In contrast, the Strongylocentrotus larvae that I started this past January were still forming their guts at the ripe old age of 2 days. You’ll have to take my word for that, as I didn’t take pictures. I do have a photo of the embryos when they were 1 day old and had just hatched:
21 January 2015
Photo credit: Allison J. Gong
By the age of 7 days, the Dendraster larvae already had three pairs of fully developed arms (the anteriolateral, postoral, and posterodorsal arms), with the fourth and final pair (the preoral arms) just beginning to form:
© Allison J. Gong
The Strongylocentrotus larvae, on the other hand, had barely started growing their first arms at 6 days of age:
26 January 2015
© Allison J. Gong
After a few weeks the Dendraster larvae had grown all four pairs of their arms as well as their juvenile rudiment on the left side of the gut. The individual I drew has a fully formed rudiment with five tube feet (labelled ‘podia’ in the drawing) and an additional waviness to the ciliated band (shaded in the drawing). My guess at the time was that this individual was developmentally competent, or ready to settle out of the plankton and metamorphose.
© Allison J. Gong
Most of the sea urchin larvae had not even started forming rudiments by the age of 31 days:
20 February 2015
© Allison J. Gong
When I was in Friday Harbor I was lucky to see one of my Dendraster larvae undergo metamorphosis more or less as I was watching under a microscope. I wish I’d had the set-up to take microscope pictures, because it was an amazing phenomenon to observe. I did make one last drawing of the newly metamorphosed and benthic tiny sand dollar and its discarded larval skeletal rods:
© Allison J. Gong
I’m sure that I drew what I saw, but looking at this drawing with more experience I wonder if the tube feet really looked like that. Oh well. One of the last things we did as a class was “graduate” our remaining larvae off the dock and wish them luck as we released them into the real world.

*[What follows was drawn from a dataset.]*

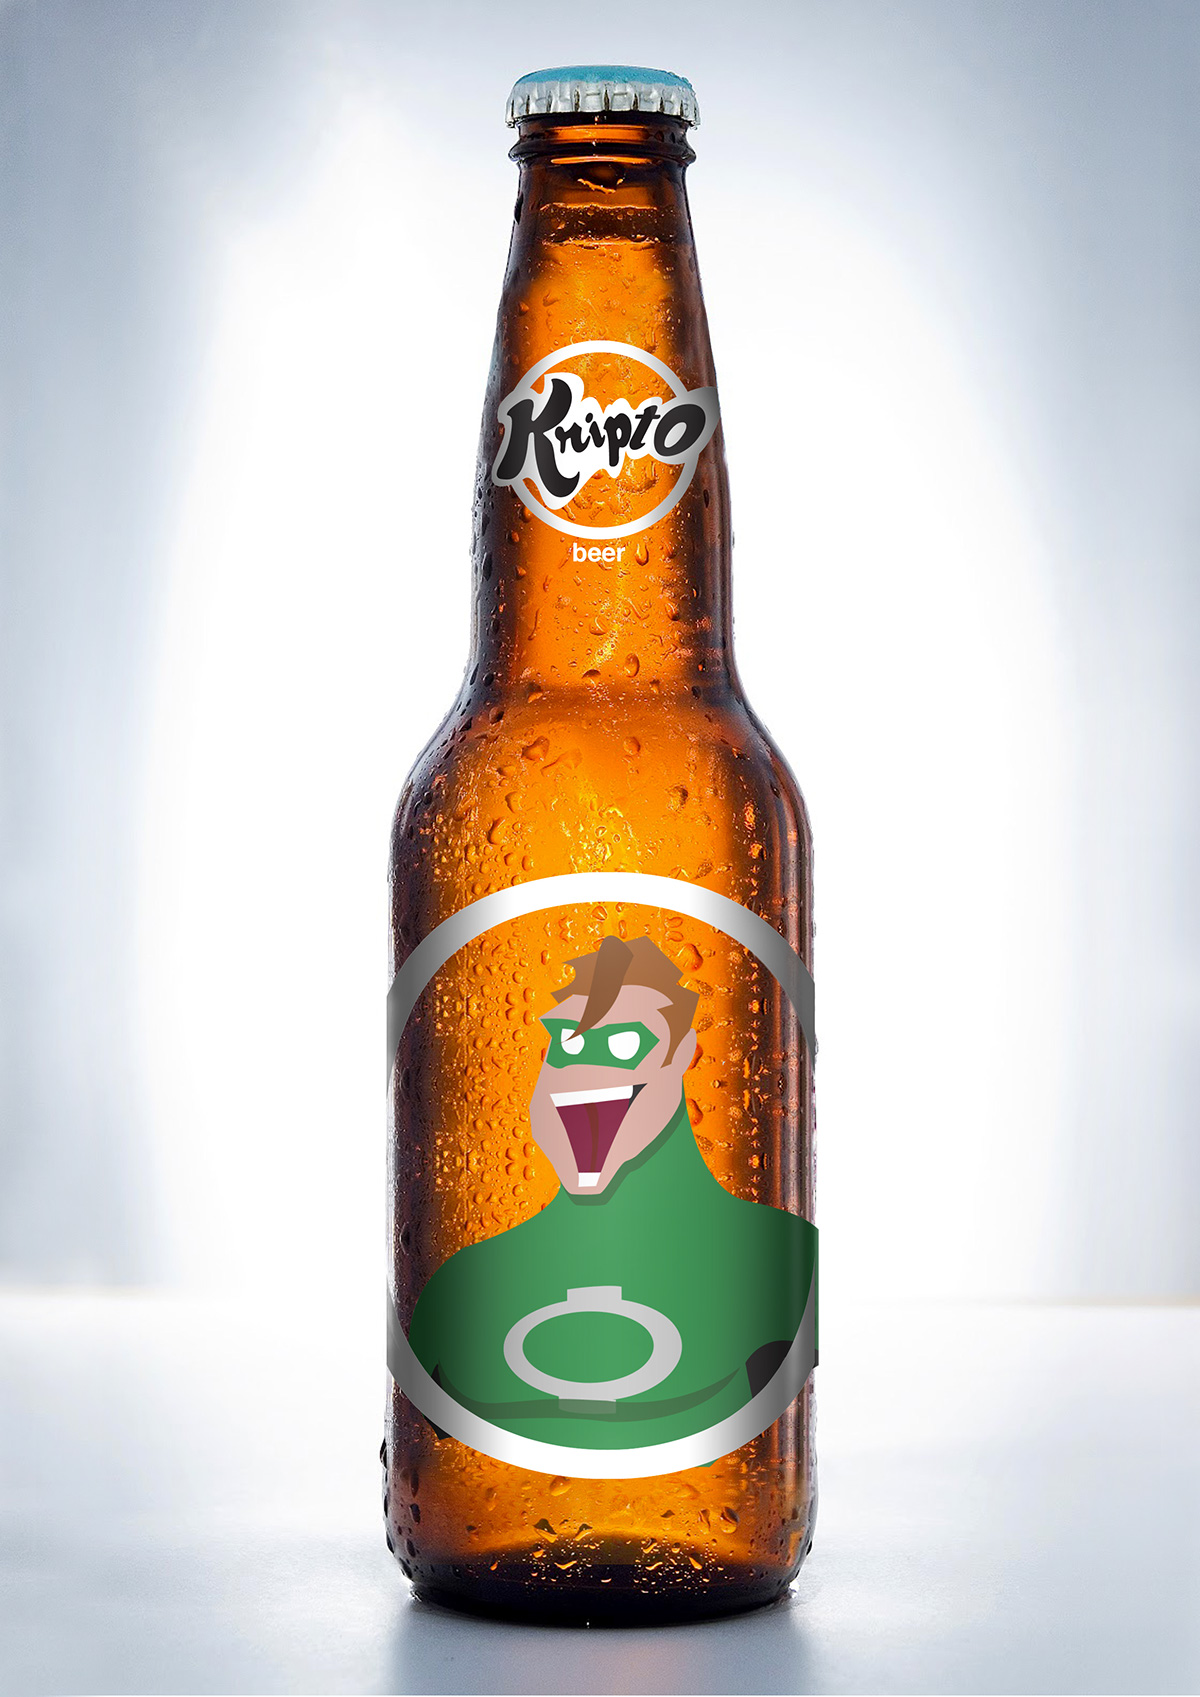 Flash's version Kripto beer Packaging design

With my most recent batch of S. purpuratus larvae, I began seeing competence at 45 days post-fertilization. The first bona fide juvenile urchin didn’t begin crawling around on tube feet until 50 days:
11 March 2015
© Allison J. Gong
The next logical question would be: Why do the sand dollars develop so much more quickly than the urchins? I don’t have a definitive answer for that. Since that class in Friday Harbor I haven’t had another chance to study sand dollars, but in my experience my most recent cohort of sea urchins progressed through development at the normal pace for the species in this location. Some species just take longer than others, and the differences could be due to any number or combination of factors: water temperature, genetics, presence or absence of settling cues, water chemistry, and so on. The take-home message, if you’ve managed to read this far, is that yes, sand dollars and sea urchins undergo pretty much the same development. It’s the same as the short answer at the top of the post, but wasn’t it fun getting there the long way?